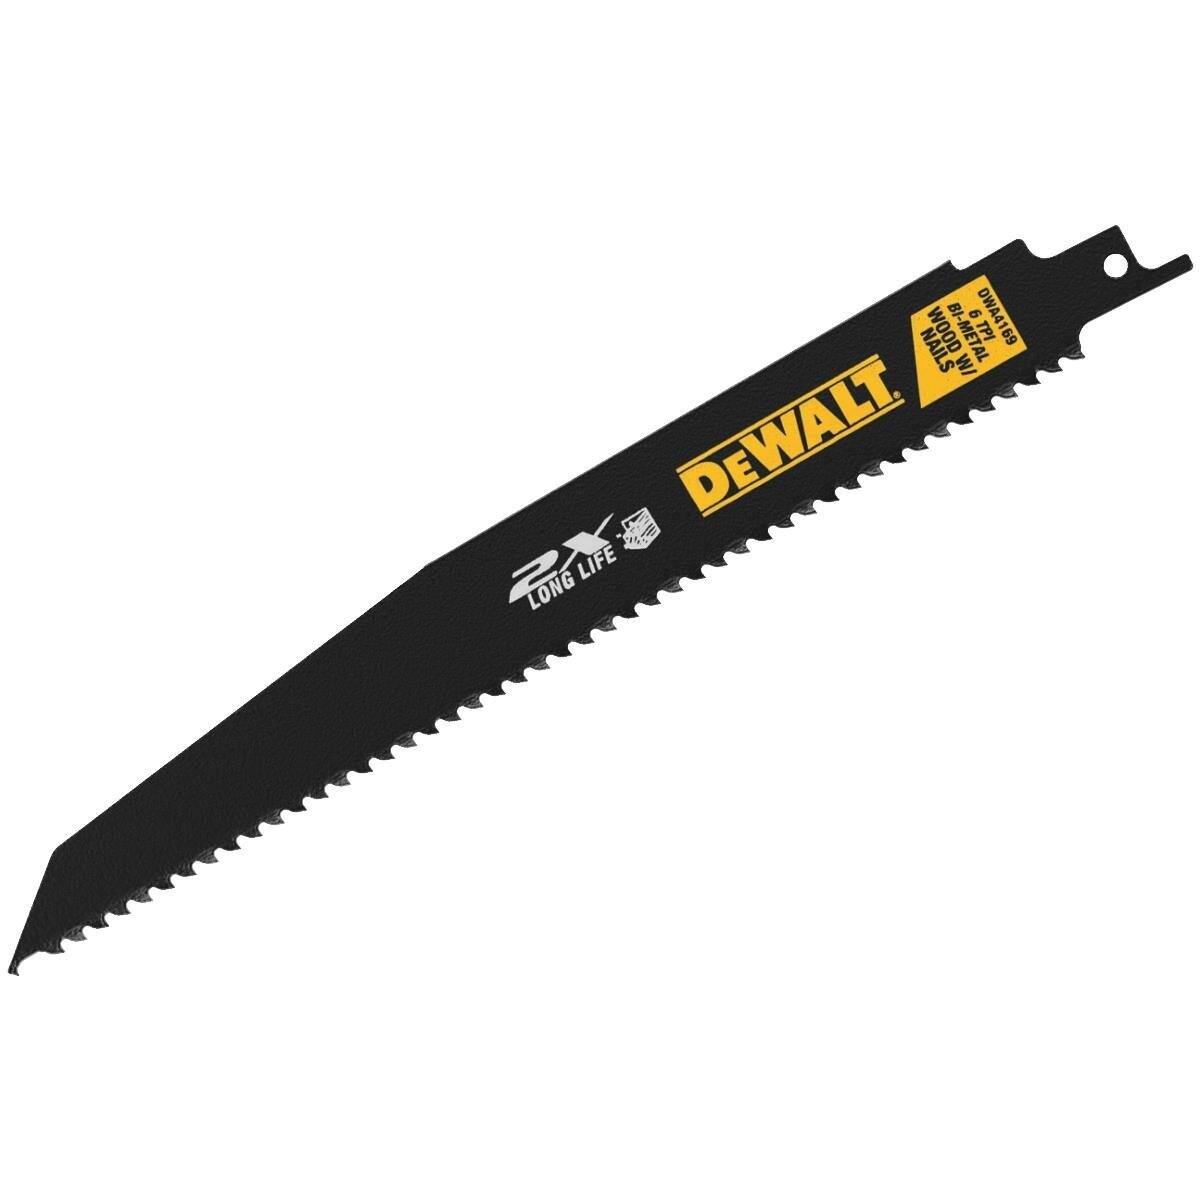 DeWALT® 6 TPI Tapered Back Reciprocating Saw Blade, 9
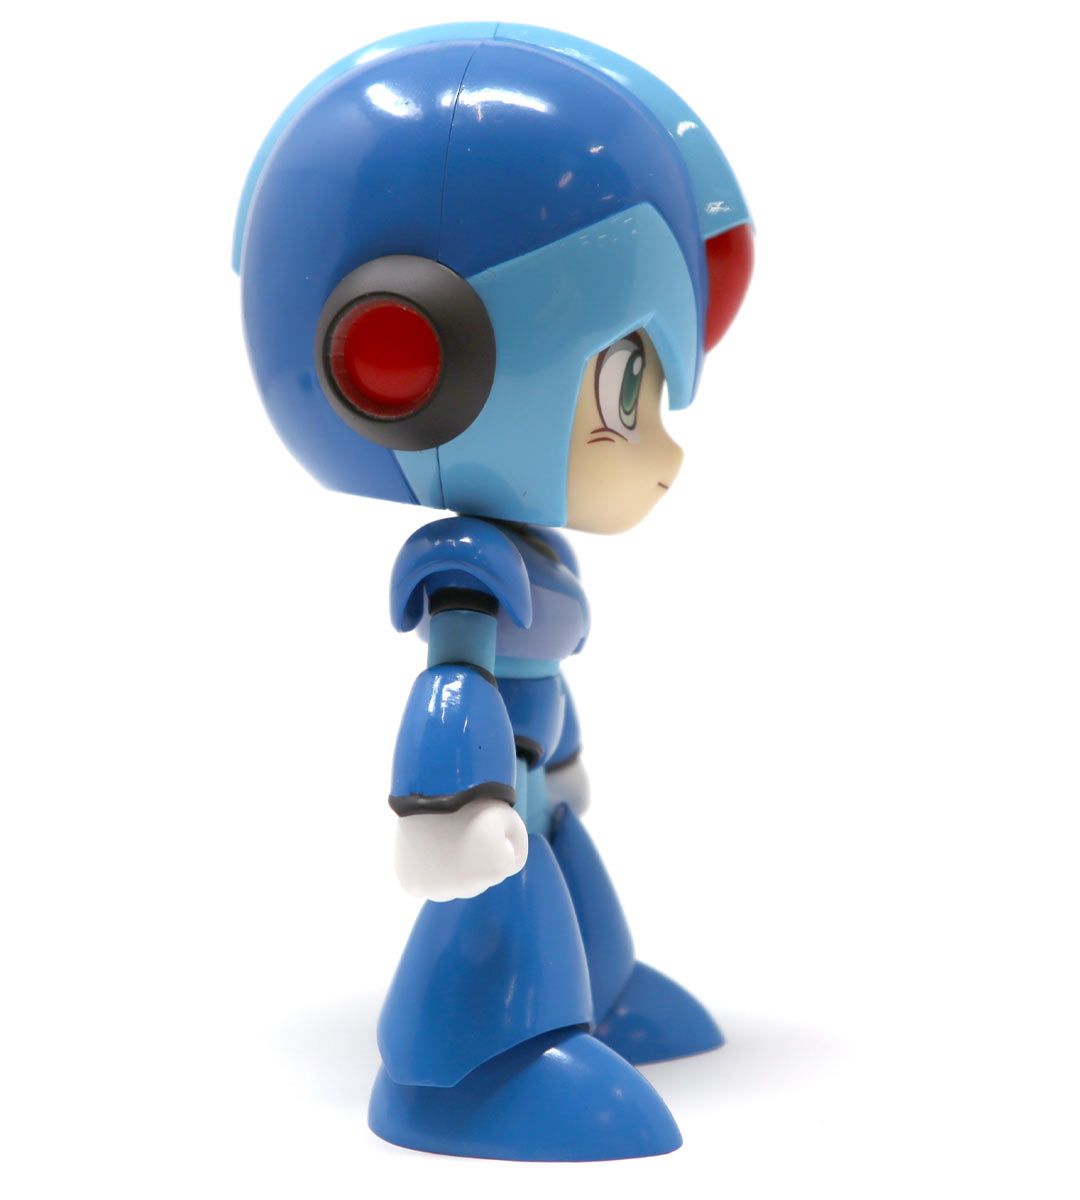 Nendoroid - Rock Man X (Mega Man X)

--

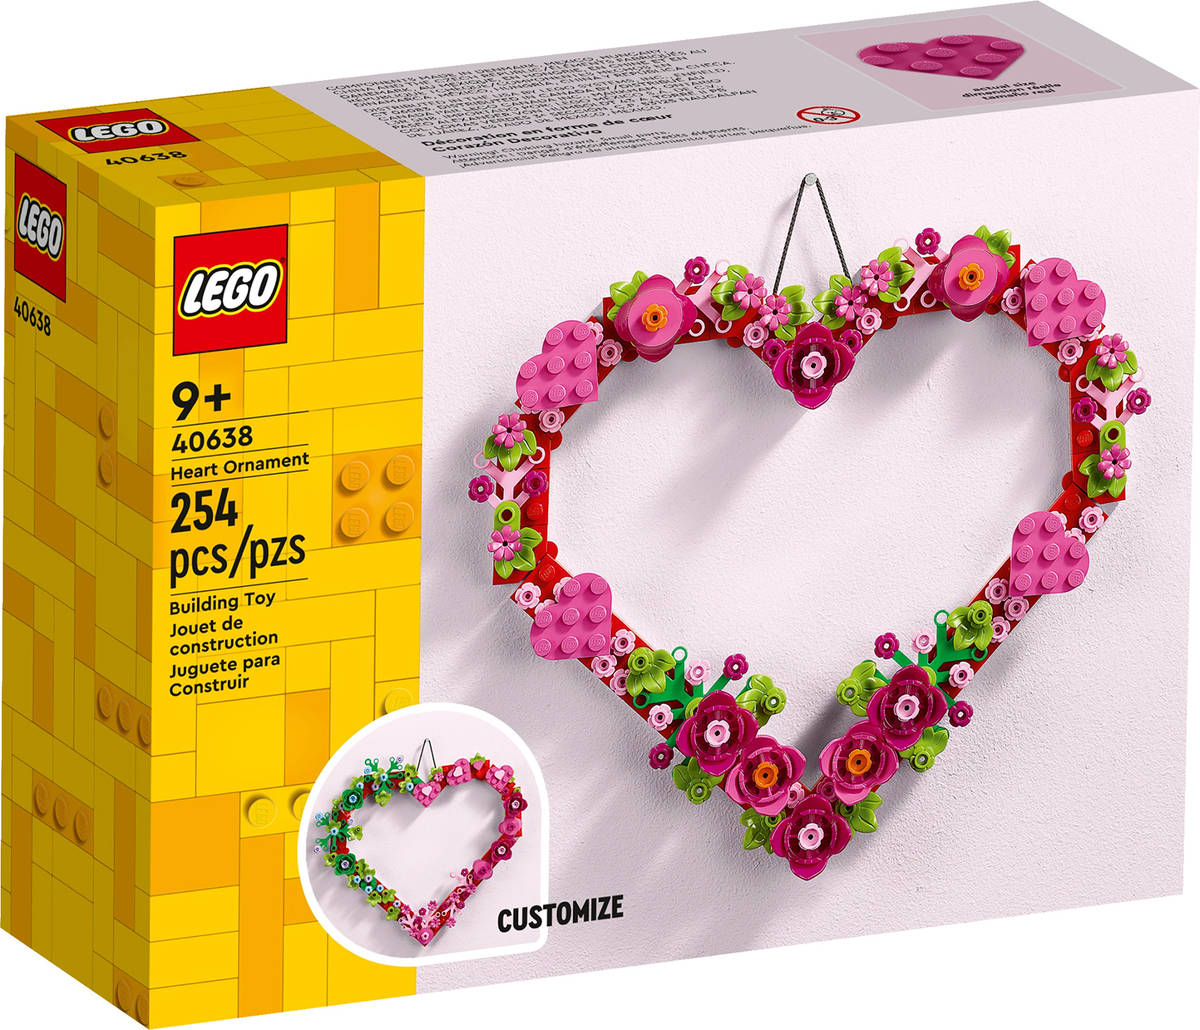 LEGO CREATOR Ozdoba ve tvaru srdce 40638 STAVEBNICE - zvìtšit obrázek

◆ **TRY IT**
Look through the listing above for the line with "DeWALT® 6 TPI" and the line with "Nendoroid - Rock Man X (Mega Man X)". Write out exactly those lines and everything between, leaving out pictures.

◆ **TASK RESULT**
 DeWALT® 6 TPI Tapered Back Reciprocating Saw Blade, 9
 Nendoroid - Rock Man X (Mega Man X)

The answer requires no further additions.